Seeing Oja after all these months had me all teary eyed and I avoided looking at him directly. I just could not. I turned around and spotted a boroi tree a foot behind me. Memories of the boroi fruits he brought us came rushing to me and I couldn’t stop the torrent of tears flowing down my cheeks and quickly dabbed it with a hanky. I don’t know if anyone saw me cry but I didn’t want them to. Everyone chatted for some time and Oja brought out a hockey stick. “This is the Olympic hockey stick,” he said proudly and gave it to my brother. It was a white one and had many markings. My brother was elated! I on the other hand was too grief stricken to join in the conversation. At the end, I just cried uncontrollably. “Oja,” I went weeping to him. He hugged me, understood my grief and said not to worry. He plucked some boroi fruits that he gave us in a piece of newspaper. We had the tea and soon left his place. I turned back, to take one last look and saw him wave at us, smiling.

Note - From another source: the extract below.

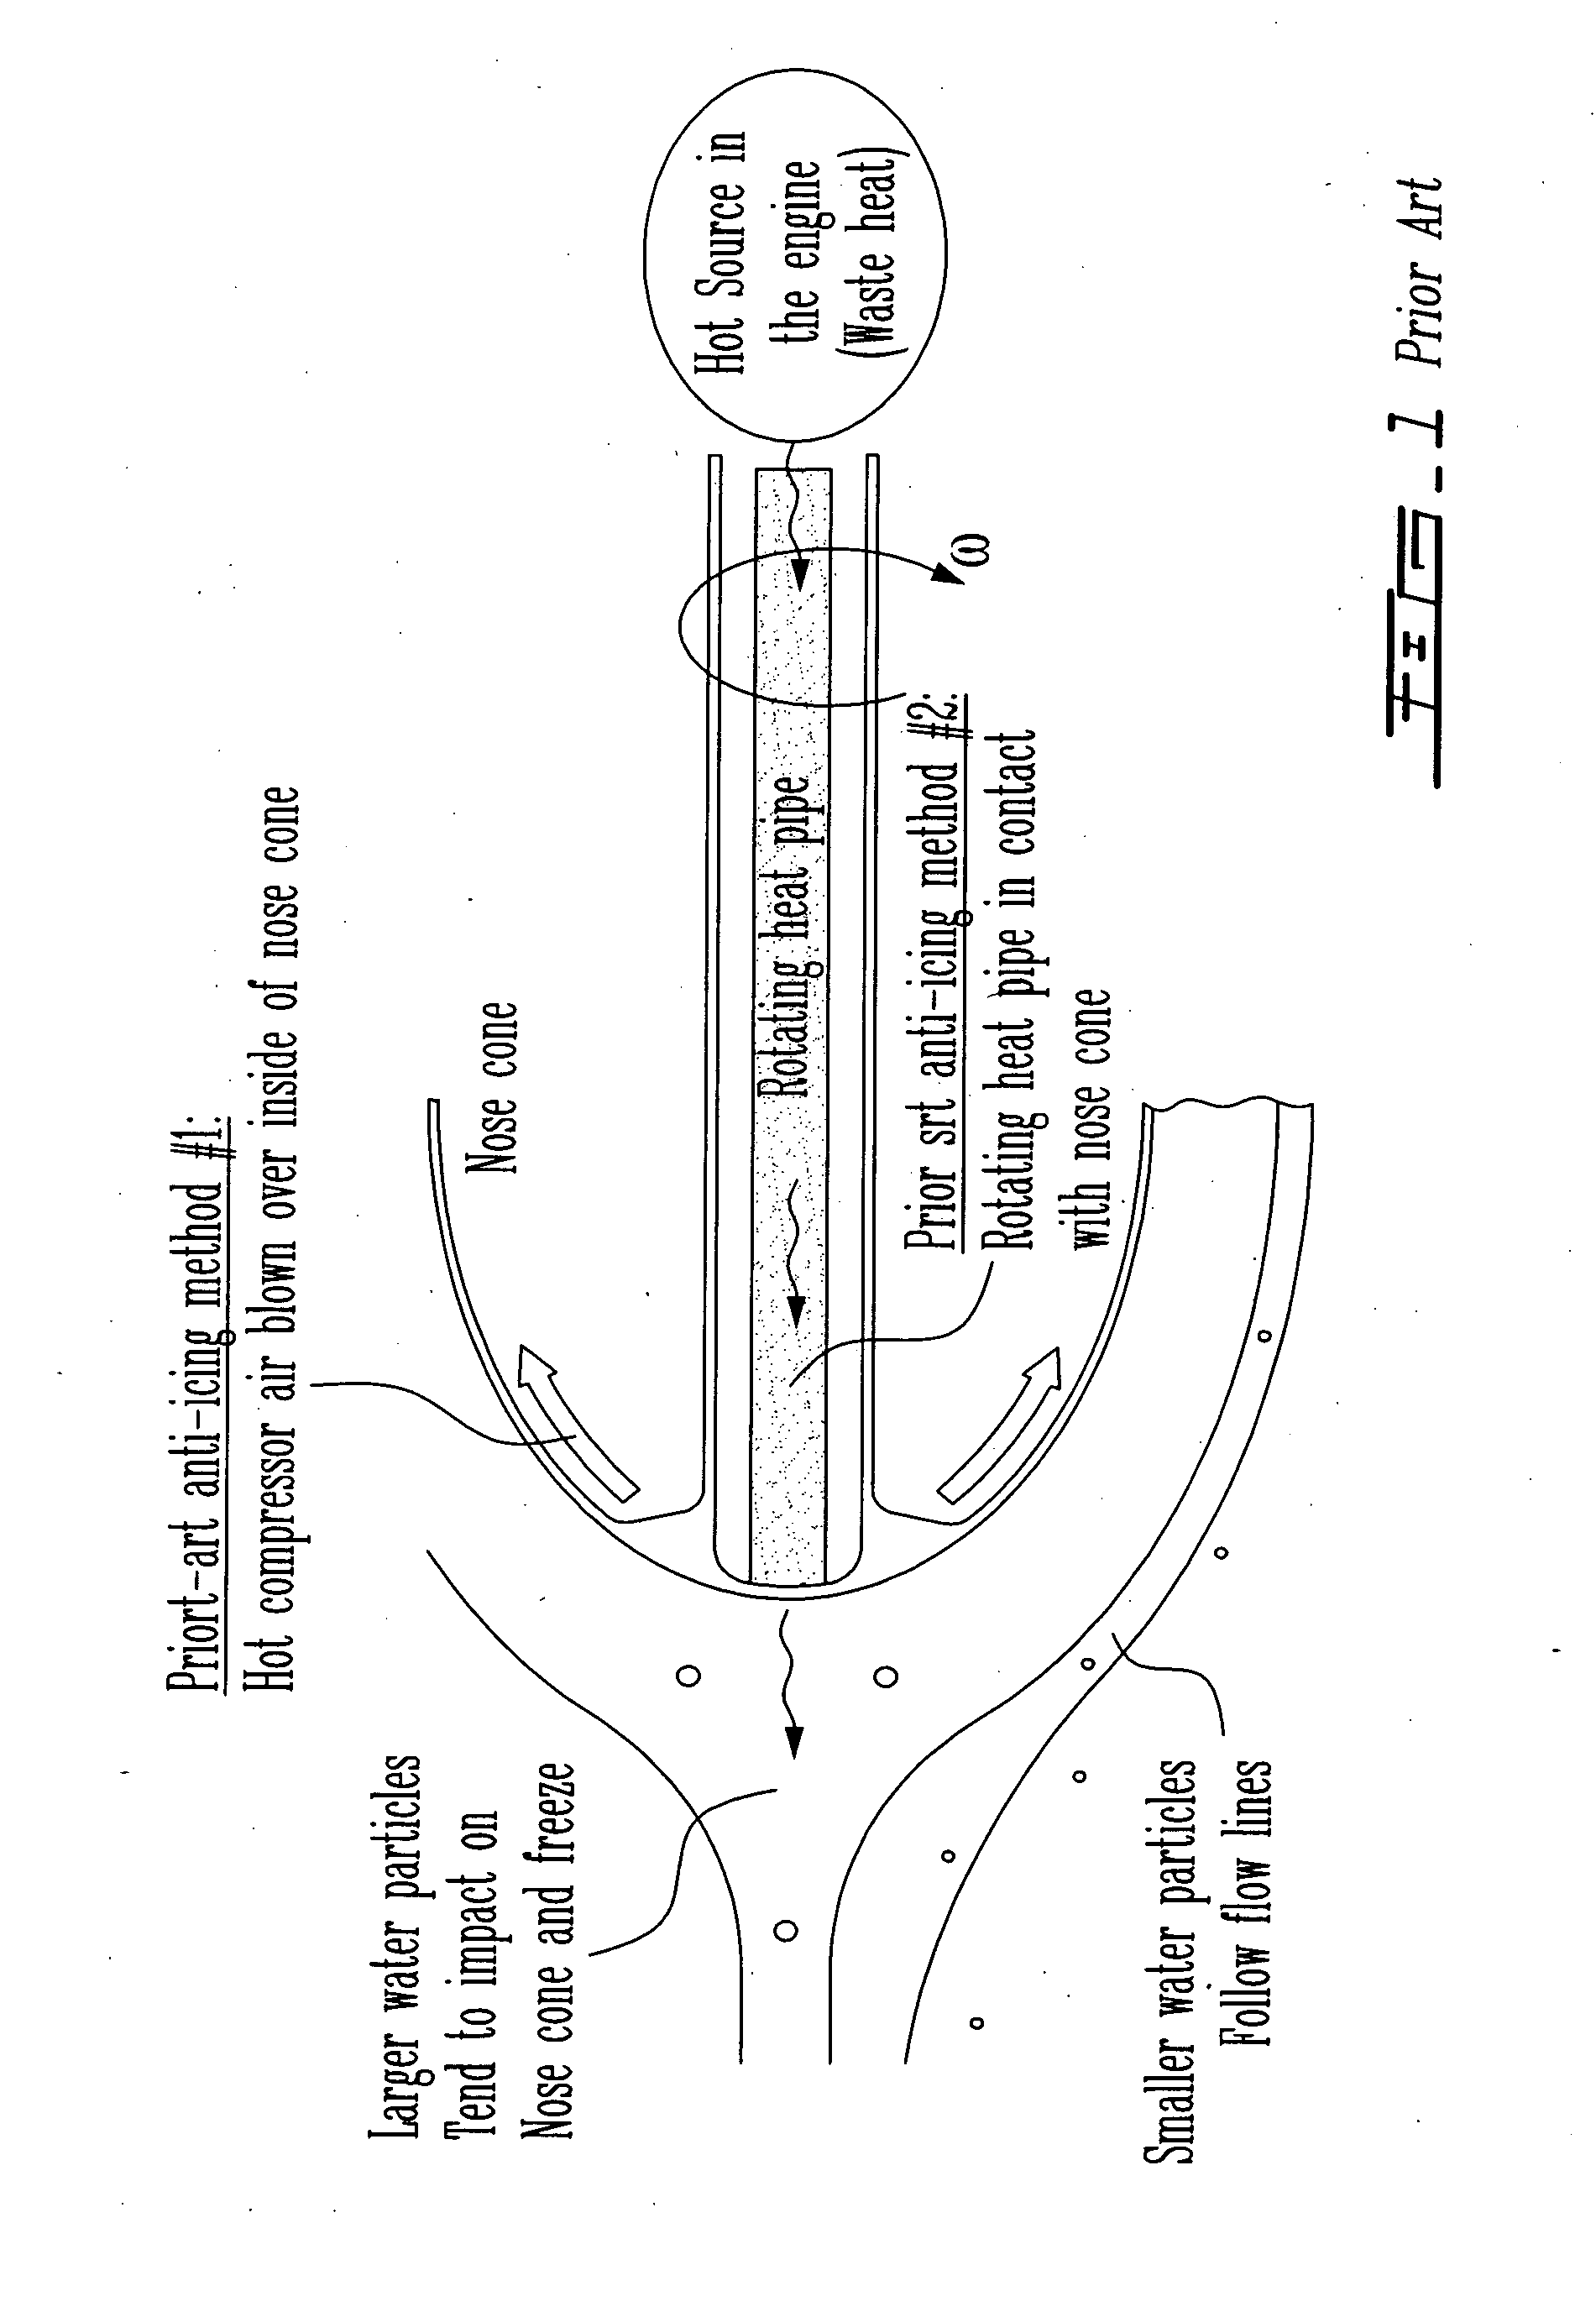 Anti-icing apparatus and method for aero-engine nose cone

And that was the last time we saw Oja Biren. He died a few months later and took a small part of us with him. My parents went for his shraadh. Perhaps they thought we were too young to go so we didn’t. To this day, more than two decades later, no other tutor has replaced him in our hearts. And to this day, when I think of him I cry – my first loss of a loved one. And till today when tutors have come and tutors have gone, he has lived on forever…

Our beloved Oja RK Birendrajit who changed our lives. That tall, fair, lanky, guffawing & paan chewing Abraham Lincoln lookalike tutor of ours.